The Nativity with St Francis and St Lawrence (also known as The Adoration) was painted by the Italian master Michelangelo Merisi da Caravaggio in 1609 during his self-imposed exile from Rome after killing a man in a duel, and subsequent escape from prison in Malta.  

Caravaggio's last large-scale complex painting, it shows an exhausted Mary clutching her stomach and gazing in shock at the infant lying ate her feet while an angel vaults gymnastically overhead. Never one to follow convention, Caravaggio subverts the scene by placing an unnamed youth in the foreground who, with his back to the viewer and his shoe touching the newy born Messiah, is twisting to face the aged Joseph with obvious disbelief.

The five square metre (106 in × 78 in) oil on canvas work was stolen from the Oratory of San Lorenzo in Palermo, Sicily on 16th October 1969. Working under the cover of darkness, the thieves cut the work from its frame with razor blades and escaped in a three wheeled delivery van.

In 1996, Francesco Marino Mannoia, an informant and former member of the Sicilian mafia, claimed he had stolen the painting as a young man. It was, he said, a theft on commission for a high-ranking mobster, but carried out so clumsily that the painting on the huge and crudely folded canvas was irreparably damaged. 

Other sources, however, have pointed the finger at amateurs who acted after seeing a TV programme on Italy's hidden treasures a few weeks before. Amazed at its value and knowing that it was guarded only by an elderly janitor, they stole it and then quickly passed it on to the local Sicilian mafia when they realised that they had operated on mafia turf without the permission of the Cosa Nostra.  

After this, it is said to have ended up in the hands of Palermo boss Rosario Riccobono (throttled in 1982 at a barbecue lunch organised for that purpose by the Corleonesi family) before passing on to Gerlando ‘The Rug' Alberti, commander of the Porta Nuova district in Palermo.

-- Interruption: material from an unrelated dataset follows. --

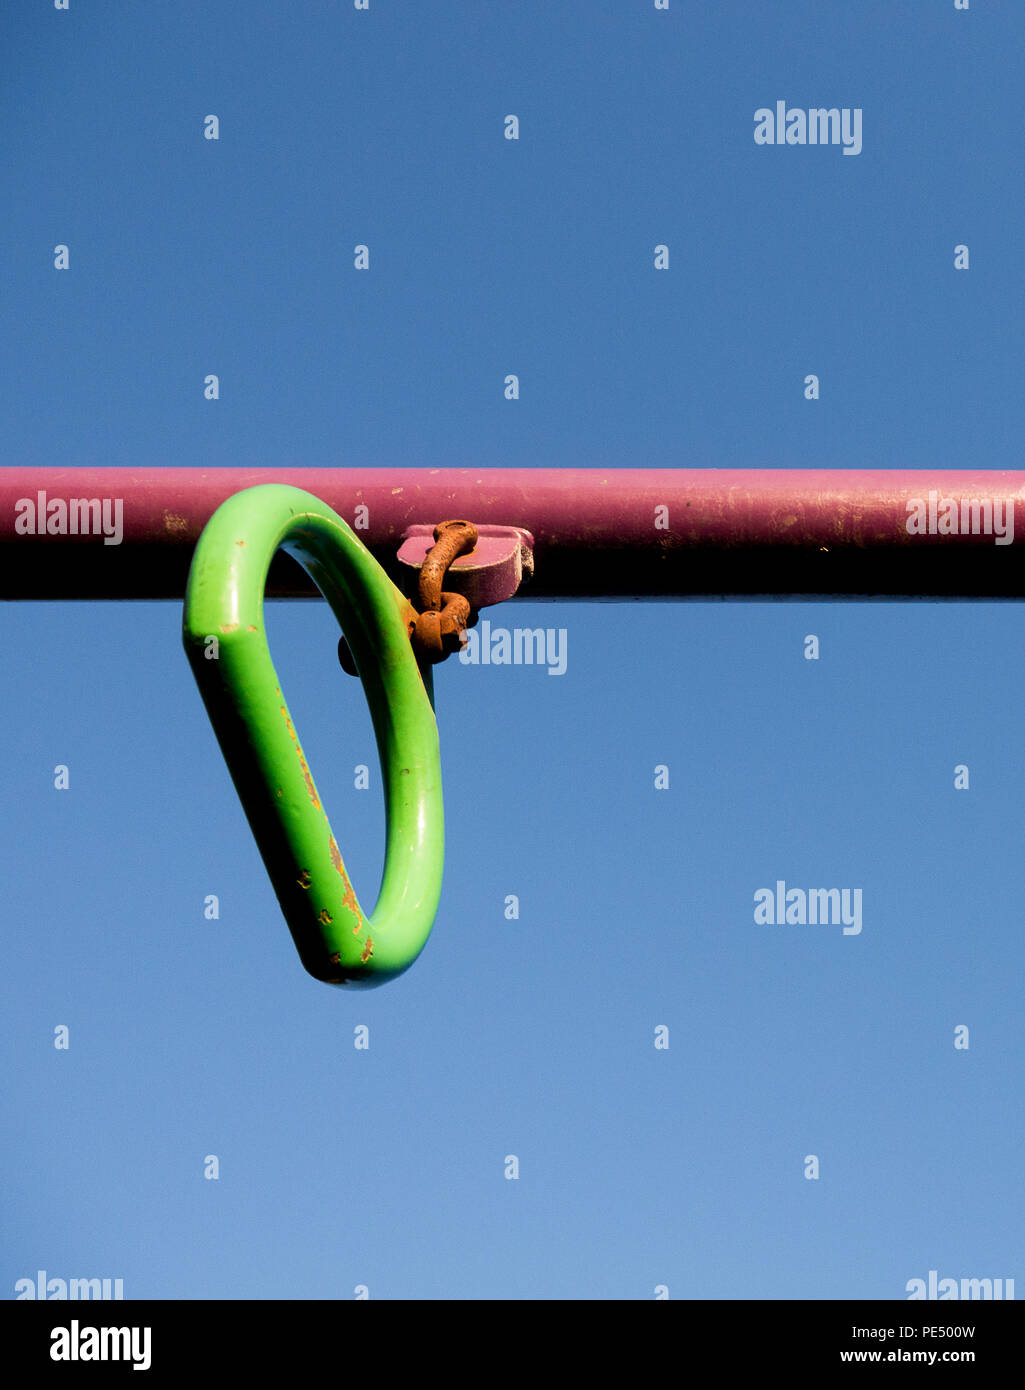 Image en couleur d'un green monkey bar poignée sur un poteau rouge dans une aire de jeux pour enfants, tourné à partir de ci-dessous contre un ciel bleu clair Banque D'Images

Other rumours that the work was damaged in the theft or even destroyed in an earthquake in 1980 have also circulated from time to time, as have stories of supposed sightings abroad.

Today, however, the Nativity remains one of the most famous unrecovered stolen paintings in the world. It is listed by the FBI as one of its top ten art crimes and they have estimated its value at $20 million, although the likely auction value is far, far greater.